The Elberg Collection begins on the beach of a small, French seaside resort, Le Bosquet, where David and Jane Walton walked, arm in arm, when Jane caught fire and turned into "a flaming torch within seconds." David must have tried to smother the flames, because "their arms were still round each other when the first people got to them." French police believes the wind blew glowing tobacco from David's pipe and "slammed the shower of blazing sparks" into her "highly inflammable" dress. Since the incident was witnessed by a maid and no other footprints to show someone had "approached them on that fatal walk," the French authorities filed it away as a bizarre accident. However, the daughter of the Waltons, Jessica Elberg, refuses to accept the verdict.

A friendly conspiracy between Detective Inspector Snow and Lizzie to put their recently divorced and retired friend, ex-Detective Inspector John Webber, back in the game by landing him his first assignment as a private investigator. Hans Elberg has agreed to foot the bill to help his wife come to terms with the death of her parents.

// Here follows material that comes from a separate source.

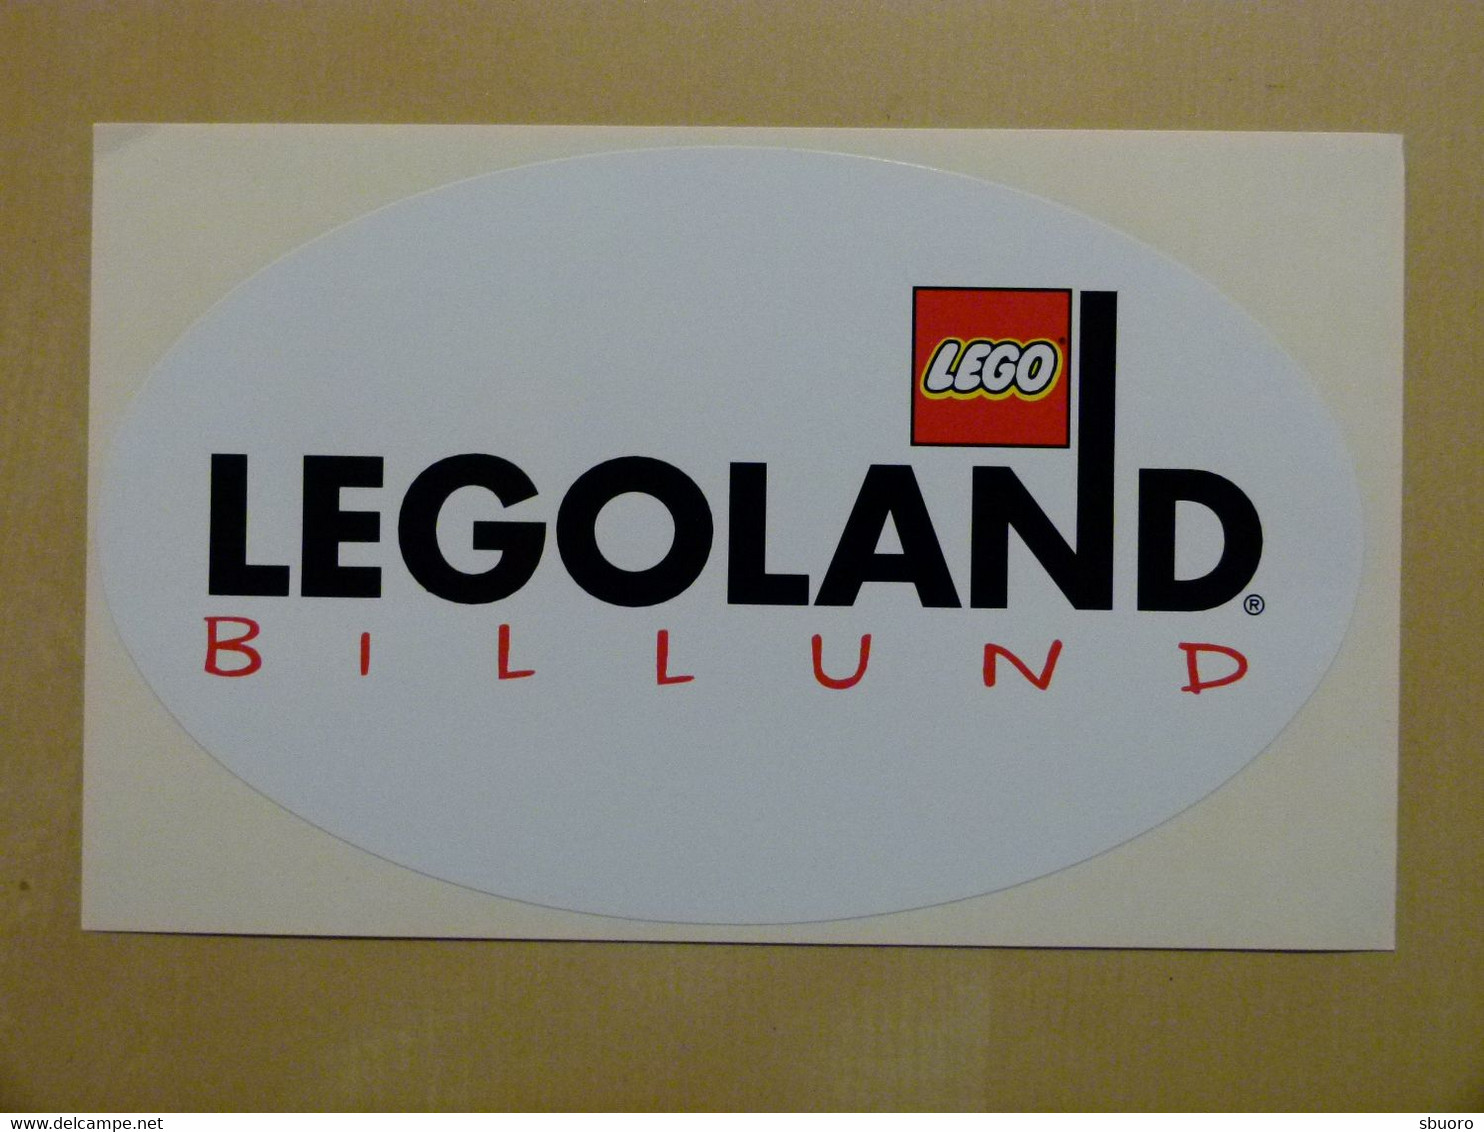 Legoland Billund Danemark Danmark Denmark. Autocollant Sticker Ovale De Plus Grandes Dimensions 14 Cm X 8,5 Cm - Non Classificati

Webber warns Jessica that he has "never yet inquired deeply into the circumstances of sudden death without upsetting some," but, once all the formalities are settled, they begin a two-pronged investigation with the slightly eccentric, French-speaking Lizzie crossing the channel – snooping around the scene of the crime. Webber stays behind in England to look into the professional side of the case. Walton was a talented potter and part-owner of a pottery firm, which allowed him to help his father-in-law accumulate an impressive collection of antique pottery. What they uncover is a dead witness who left behind a dying message. A rotting corpse of a another murder victim and a disturbingly fresh suicide. A missing, or stolen, manuscript that could throw "a spanner into the international market for English pottery" and a mysterious figure who's willing to spend both money and bullets to get them off the case. And all of this comes with an odd assortment of suspects, motives and clues.

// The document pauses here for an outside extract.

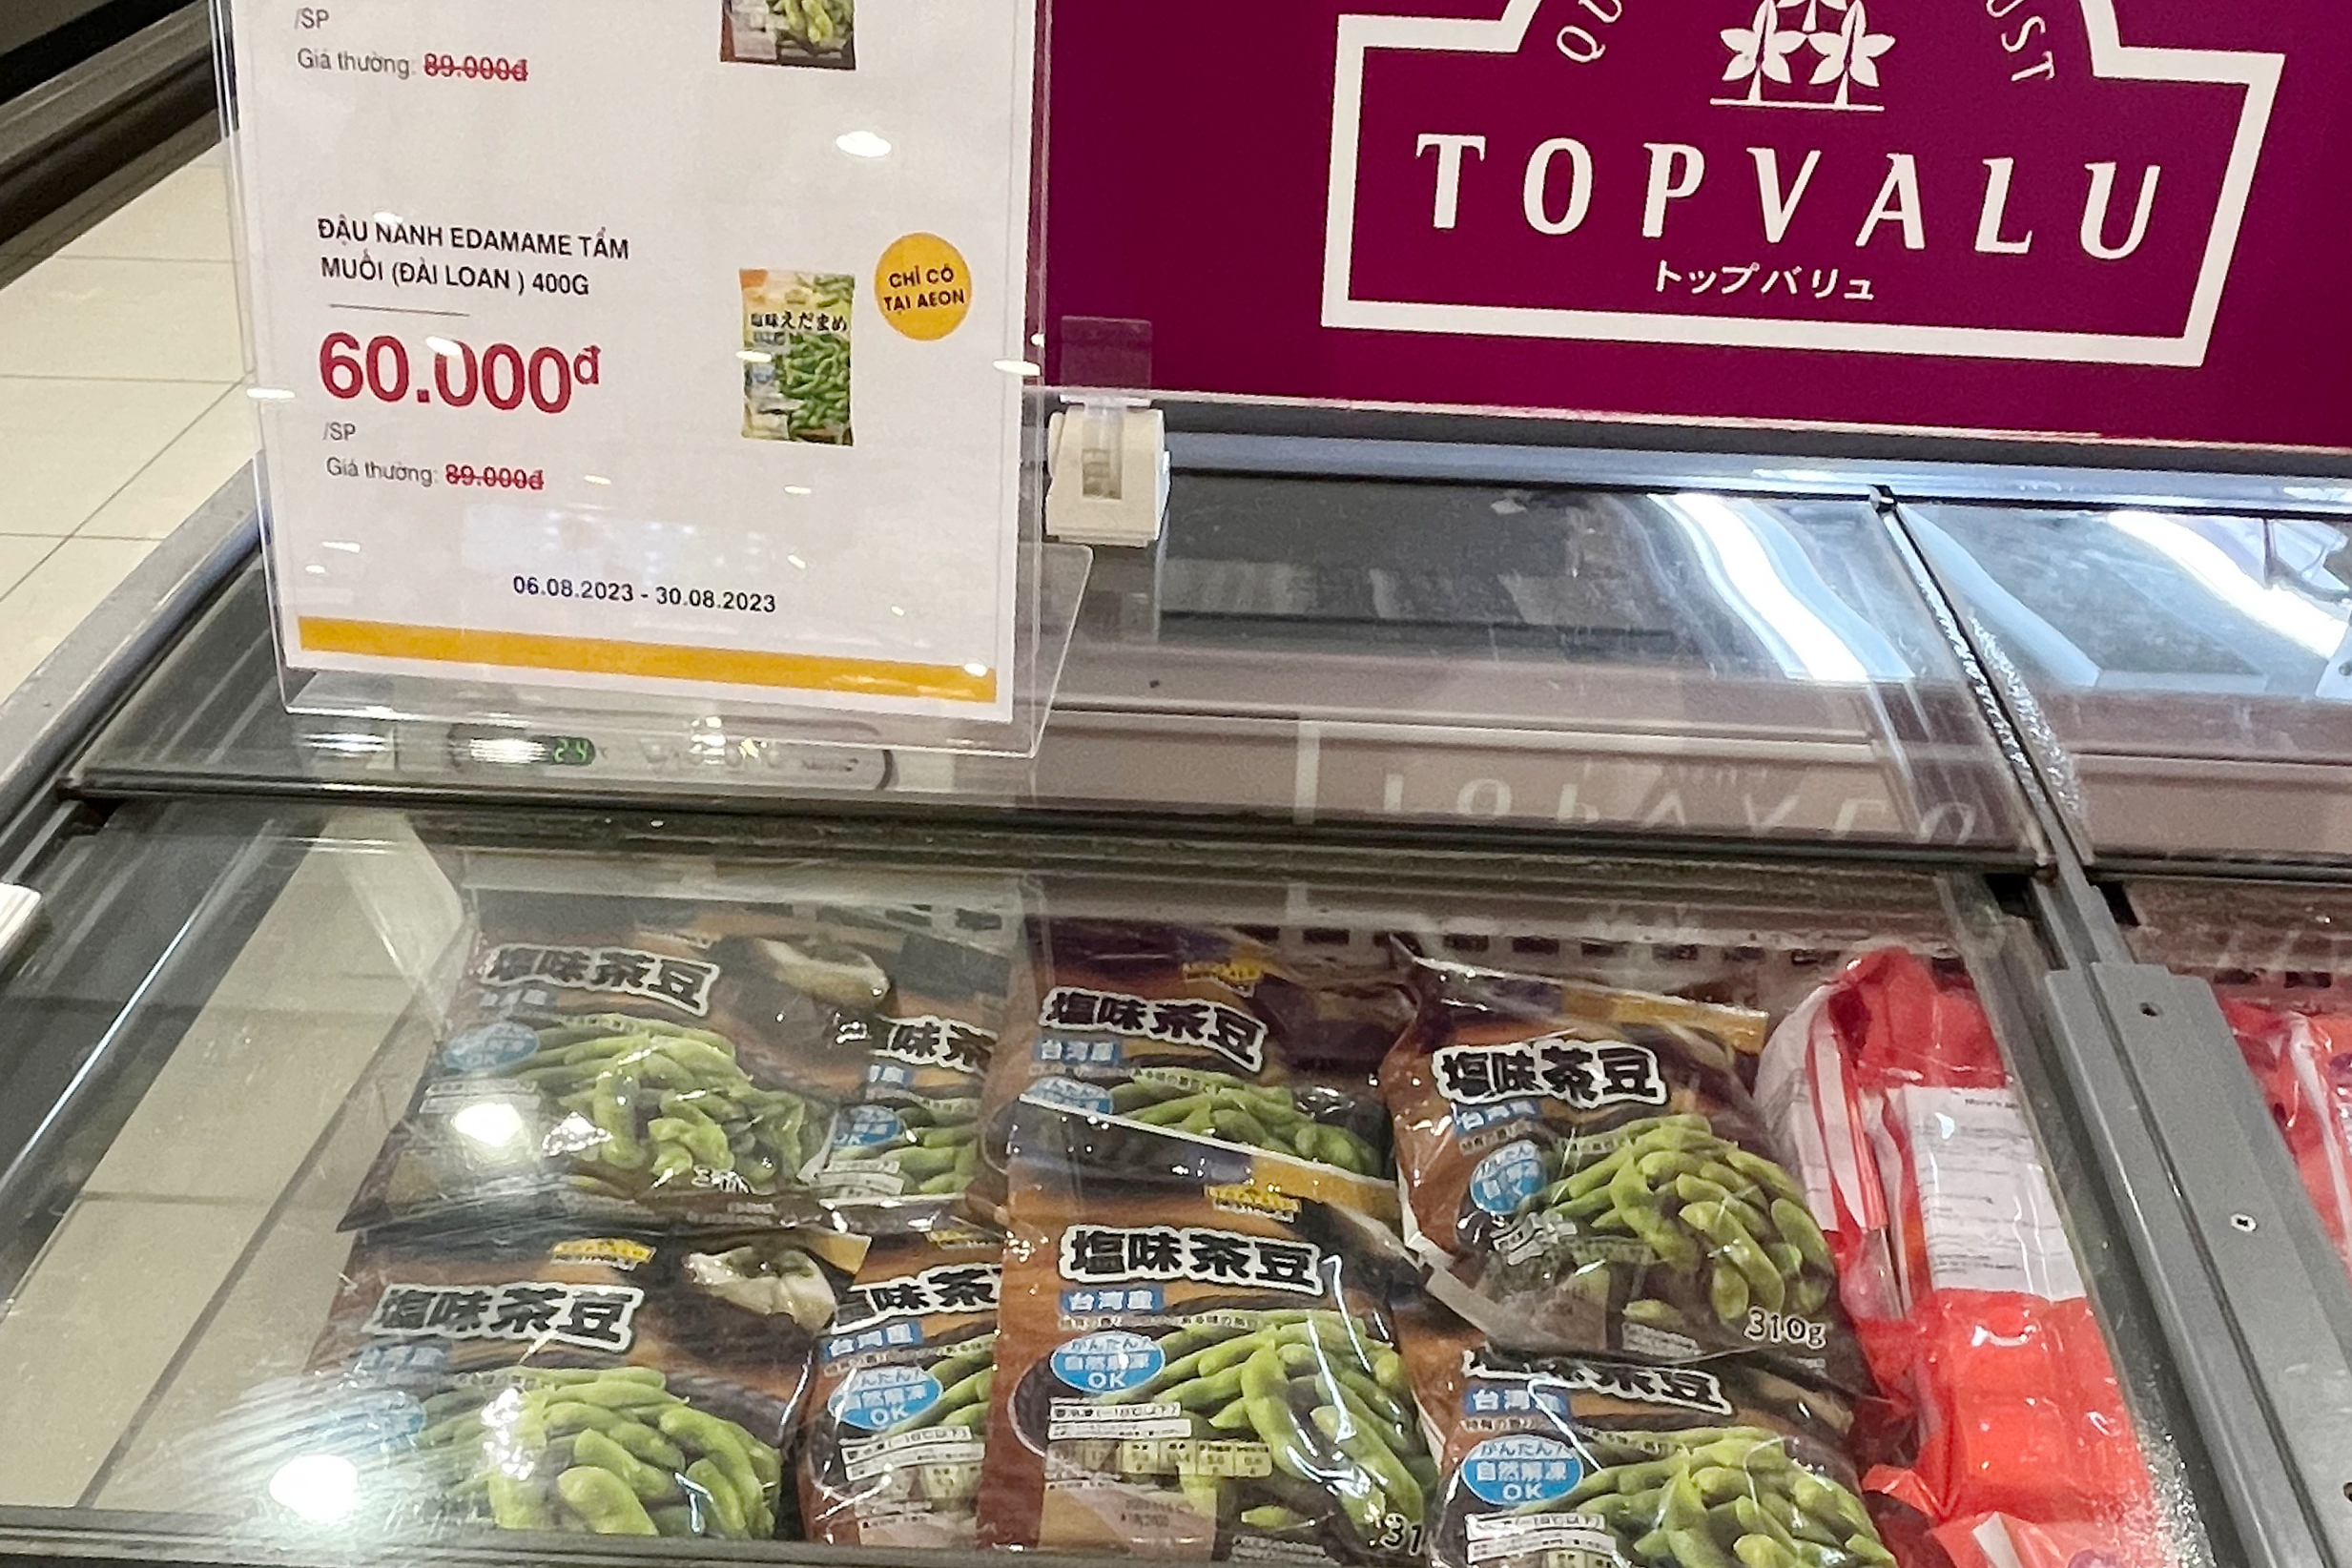 イオンでは日本の茶豆がそのまま売られていました

One clue, in particular, deserves to be highlighted. Snow has a young bright son, Alan, who likes computers and dates the story by saying he writes his own programs on a computer with 48 K RAM and "a data transfer rate of 16 bytes a second." Snow gives his son a purely hypothetical situation, two people impossibly burned to death on a lonely beach, to test his analyzing program. It came back with eight possibilities that ranged from flamethrowers, incendiary bombs and missiles to meteors, satellite debris and an Act of God – along with the more plausible murder/suicide or a suicide pact. You won't find the correct solution on Alan's list, but when you learn how it was done, you realize how cleverly it hinted in the right direction.

I think it could have been one of the best and most original clues of the decade had Oliver played the game fairly across the board.

I could have easily forgiven the obvious murderer, who stood out like a billboard, but the sudden, anti-climatic ending revealed that Webber and Lizzie had been investigating only one side of the case. The case has an entirely different angle that throws an entirely new light on the charred bodies, the dying message and the messy suicide, but they were left in the dark until it was time to wrap things up. They're also told that the murderer will never be brought in front of judge, which makes for an unexciting and disappointing payoff to what could have been a first-class detective novel.

Webber at least got the satisfaction of explaining to the big bugs how the Waltons were burned to death and the fire-trick, in theory, is excellent and a perfect example of the impossible crime story moving along with the times. Something fresh and original. Practically, the fire-trick has a glaring weakness that can be partially blamed for the weak ending.

The Elberg Collection is the proverbial mixed bag of tricks. A leisurely paced, thoroughly British detective novel with some good and original ideas, but the weak and botched ending only makes it worth your time if your interested in plot-mechanics or obscure impossible crime novels.